Frequency-Decoupled Cross-Modal Knowledge Distillation
We propose a novel CMKD method using frequency-domain feature decoupling, achieving superior results over traditional KD and state-of-the-art CMKD methods.
摘要
评审与讨论
The authors start this paper with an interesting observation: When distilling in multi-modality setting, low-frequency features tend to provide information which is modality-generic, while high-frequency features tend to provide the information that is more modality-specific. While this is unclear why it happens, the authors also justify this by showing that the first and second moment of audio modality features are quite a bit higher than those of vision features.
Thus, the authors, first decouple the features using Fourier transforms into high and low-frequency ones, and then treat them differently by using MSE loss for the low-frequency ones and some logarithmic version of it for the high-frequency ones. Furthermore, they also provide some alignment module for better performance.
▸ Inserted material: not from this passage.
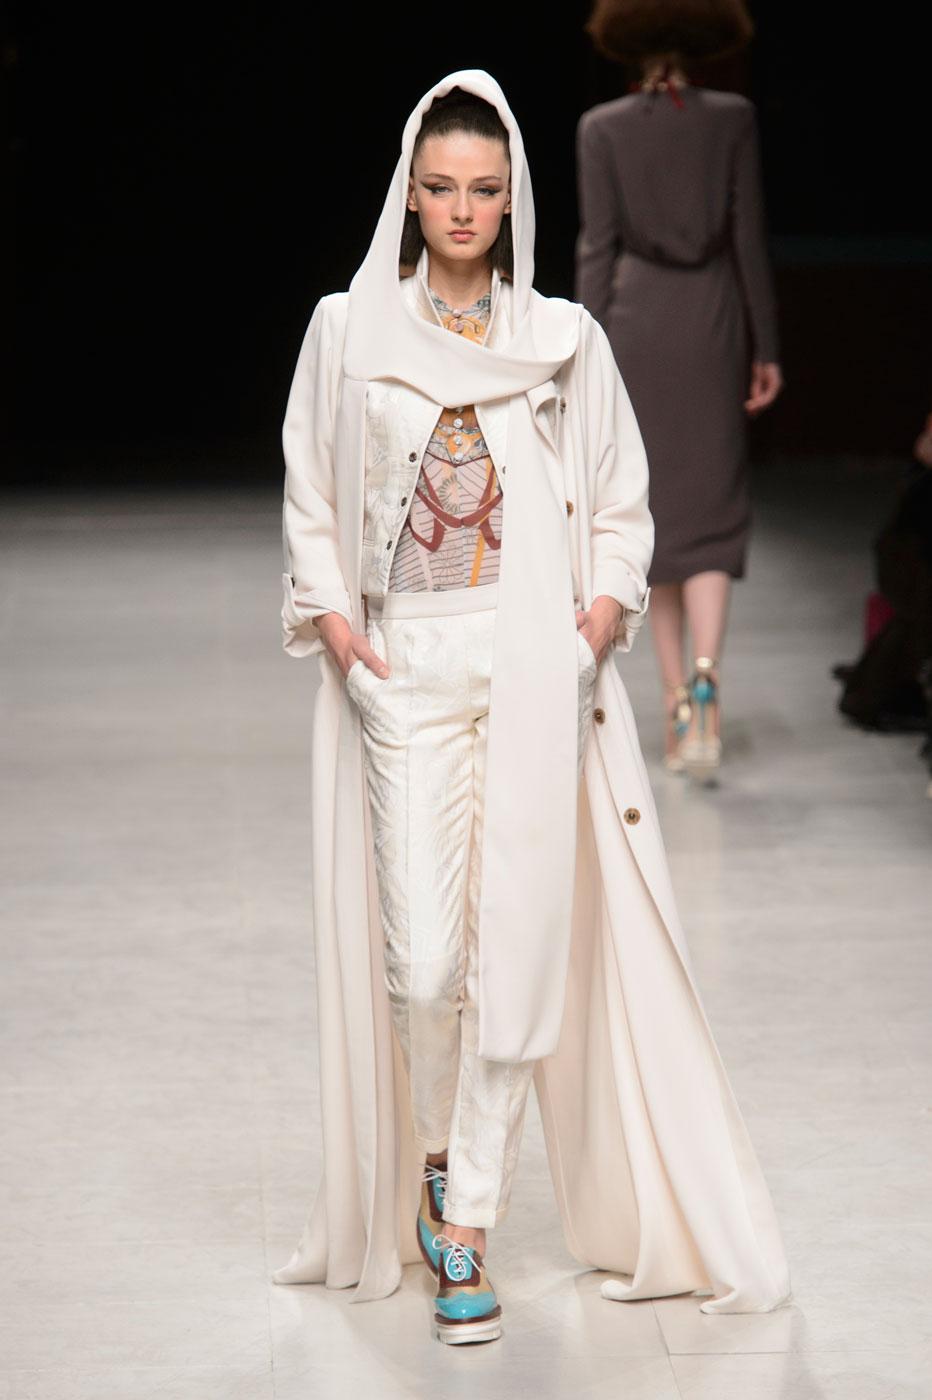 Julien-Fournie-Prive-fashion-runway-show-haute-couture-paris-spring-2015-the-impression-20

The authors show good results in a wide range of datasets, and provide adequate ablation studies to show the performance improvement of each module.
优点
I liked the following aspects of the paper:
-
The observation about the low and high-frequency features in cross-domain distillation is interesting and the first time I see in the literature. Then the authors decouple features into low and high-frequency using Fourier transforms, which makes absolutely sense, and treat them differently using different losses.
-
The results seem quite good, and in different datasets the authors are getting a few points of improvement. Furthermore, they show results in different settings: Audio-Visual and Image-Text classification, in addition to semantic segmentation tasks, making the evaluation quite extensive.
-
The paper does adequate ablation and analysis, with the most important one being the ablation on the different components of the proposed model.
缺点
I think the paper might have the following points that can be improved:
- Unclear motivation for the usage of logarithmic MSE. I understand that the loss seems to work, but it is unclear to me why using logarithmic MSE comes with an improvement in performance when used for high-frequency domain.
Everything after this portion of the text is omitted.